> **About this exercise**
Please give back word for word the lines of the material below between the line containing "Una de las fotos" and the line containing "Cocktail Sangria, Freixenet", inclusive.

> **Provided data**
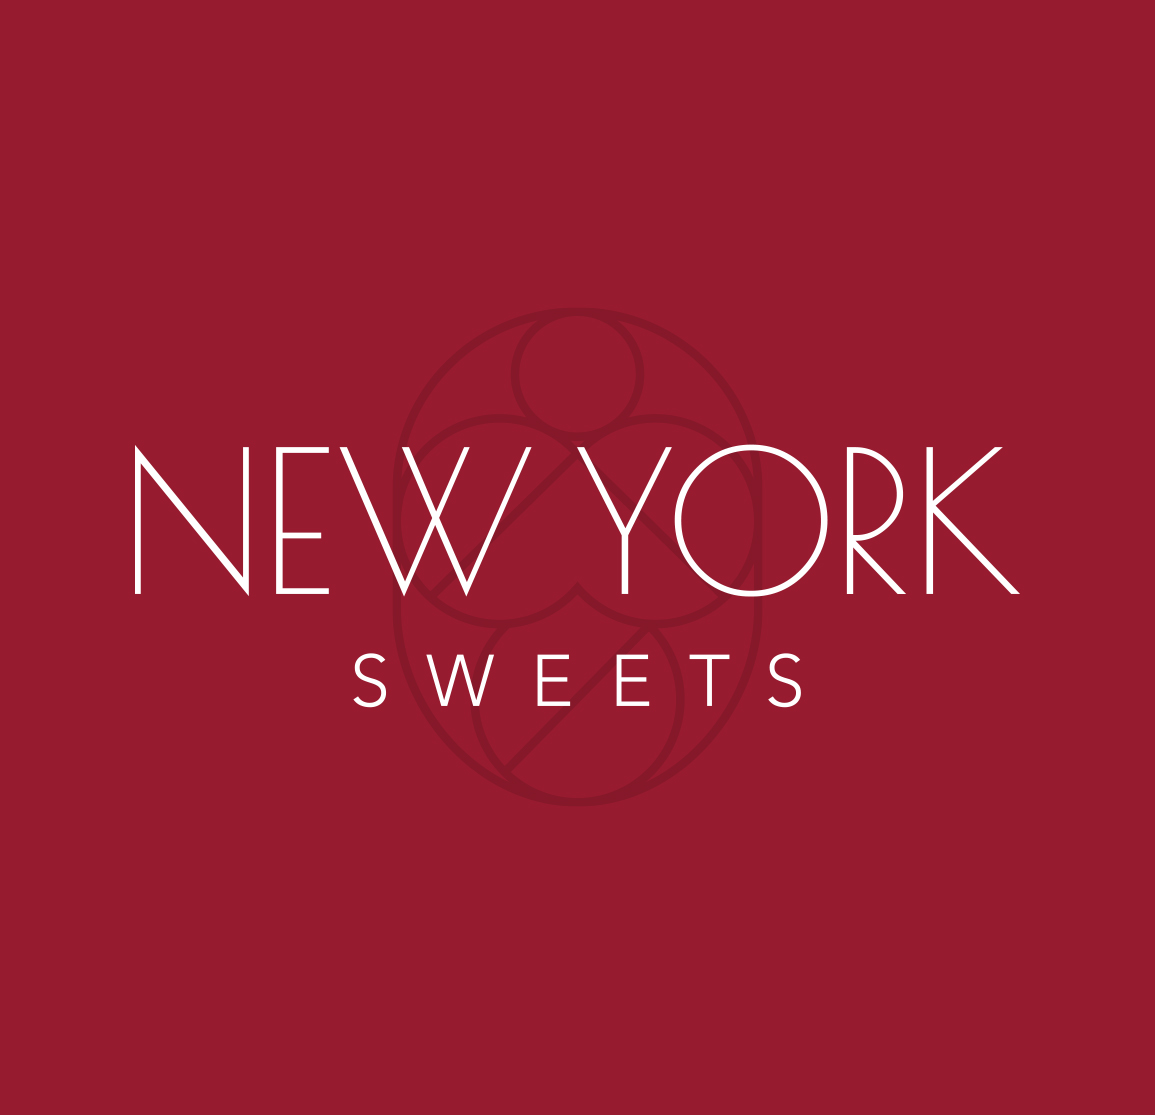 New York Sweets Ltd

---

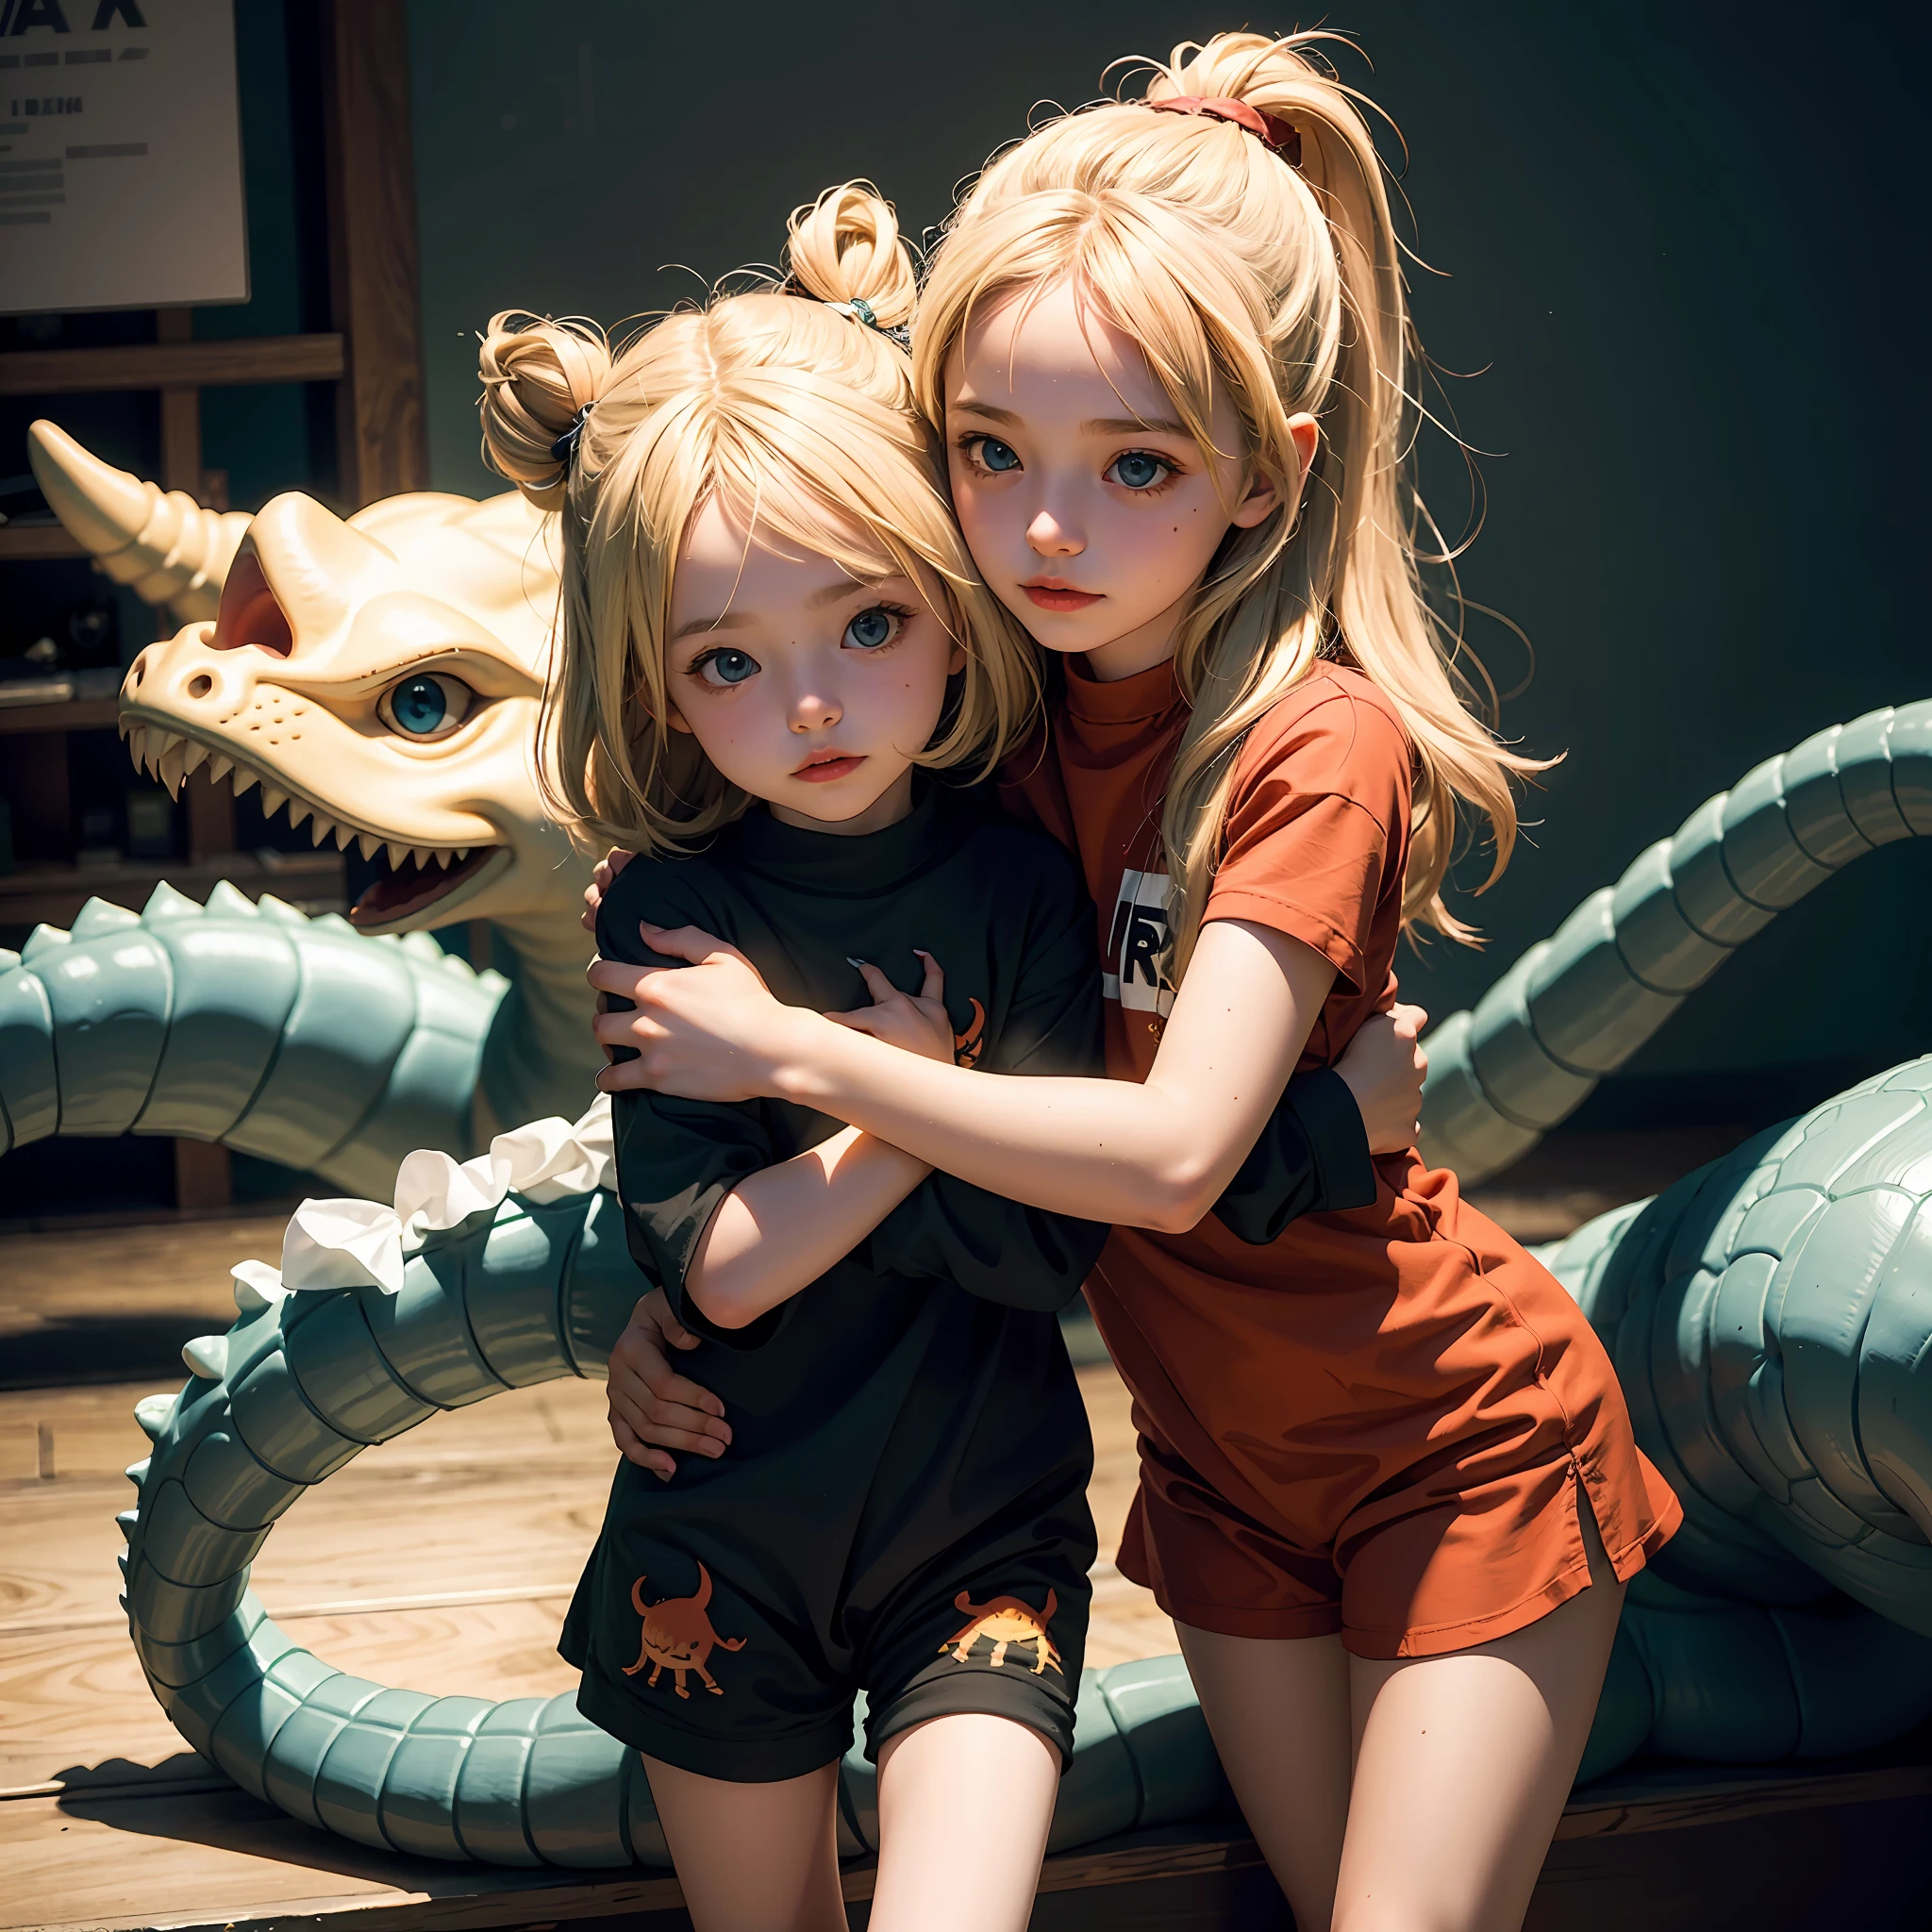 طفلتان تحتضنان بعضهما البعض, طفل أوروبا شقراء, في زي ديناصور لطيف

---

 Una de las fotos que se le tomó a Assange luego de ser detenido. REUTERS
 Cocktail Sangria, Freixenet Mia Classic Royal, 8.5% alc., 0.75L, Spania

> **Finished exercise**
 Una de las fotos que se le tomó a Assange luego de ser detenido. REUTERS
 Cocktail Sangria, Freixenet Mia Classic Royal, 8.5% alc., 0.75L, Spania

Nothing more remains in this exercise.